There are lots of places in this process where legislation can just quietly die, even if some notion (establishing a state Board of Busybodies to oversee the Thingamajig Industry) seemingly has gotten enough votes to pass. (The state house version and the state senate version of the bill establishing the state Board of Busybodies to oversee the Thingamajig Industry both passed with wide margins, but the two houses’ bills had various diferences, and the conference committee just couldn’t iron out the differences between them, so looks like nothing will happen until next year at the very soonest.)

If you have a political philosophy which is very heavily concerned with making sure government doesn’t run amok and Bad Things don’t happen, all of this is a feature, not a bug.

As a resident, I see the good side and the bad side of a Unicameral legislature.

On the good side, it is officially “non-partisan.” Naturally it does not really work out that way. People are people. It is pretty efficient and transparent as mentioned in the OP.
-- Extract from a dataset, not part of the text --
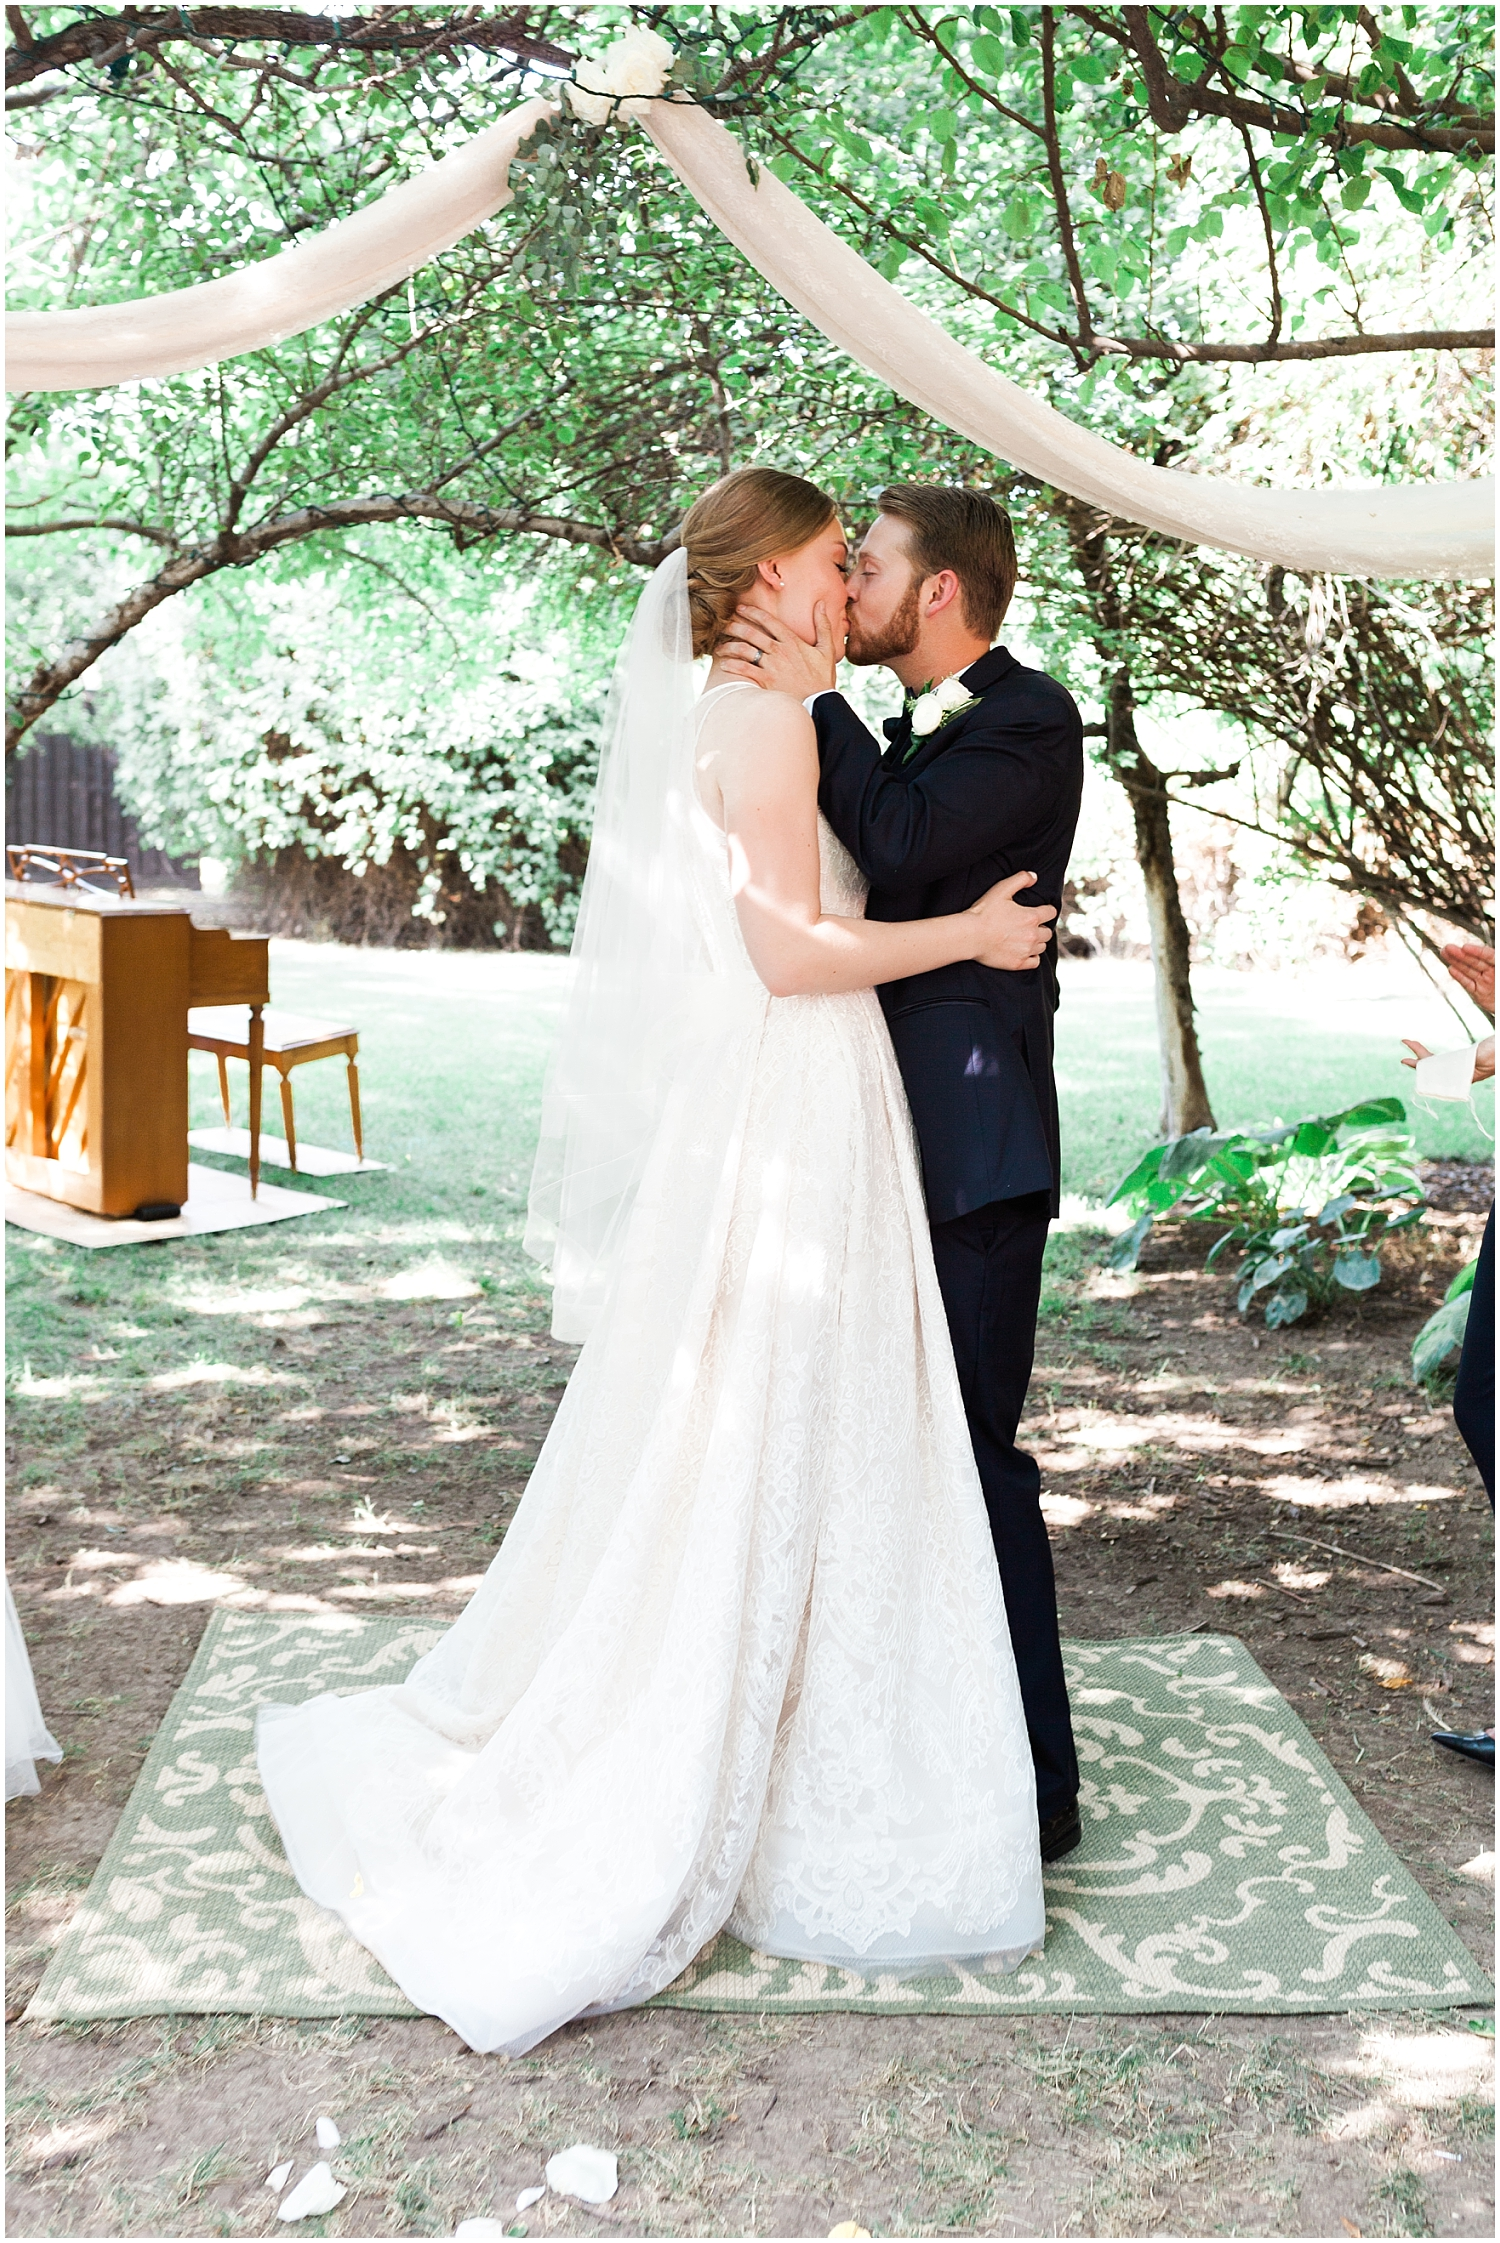 Rachel Reyes Photography-Utah Wedding Photographer-The Villa in Cedar Hills_0041.jpg

On the bad side, with a single house, there are fewer checks and balances in our legislative process. The filibuster stalls legislation quite often, and there are a few Senators who abuse their power to the detriment of all.

Dave Barry: “Nebraska is the only state with a bicameral legislature, defined as a legislature that bears its young underwater.”

– from Dave Barry’s Only Travel Guide You’ll Ever Need.

The parliaments of the six Australian colonies (later states) and of New Zealand were all established as bicameral.

Queensland (in 1922) and New Zealand (in 1951) subsequently abolished theirs.

And by ‘theirs’ I meant the upper houses of their parliaments.

Methinks you messed up that joke.

You don’t remember correctly. Eleven of the thirteen colonies had bicameral legislatures. With independence, 12 of the 13 states had bicameral legislatures.

State bicamerals have fuck-all to do with the United States Senate. They were created earlier (for the original 13), for mostly different reasons. They weren’t modeled after the United States Senate, because the United States Senate didn’t exist. The later 37 adopted bicamerals in imitation of the original 13, not of Washington.

I explained more when the same question was posed eight months ago.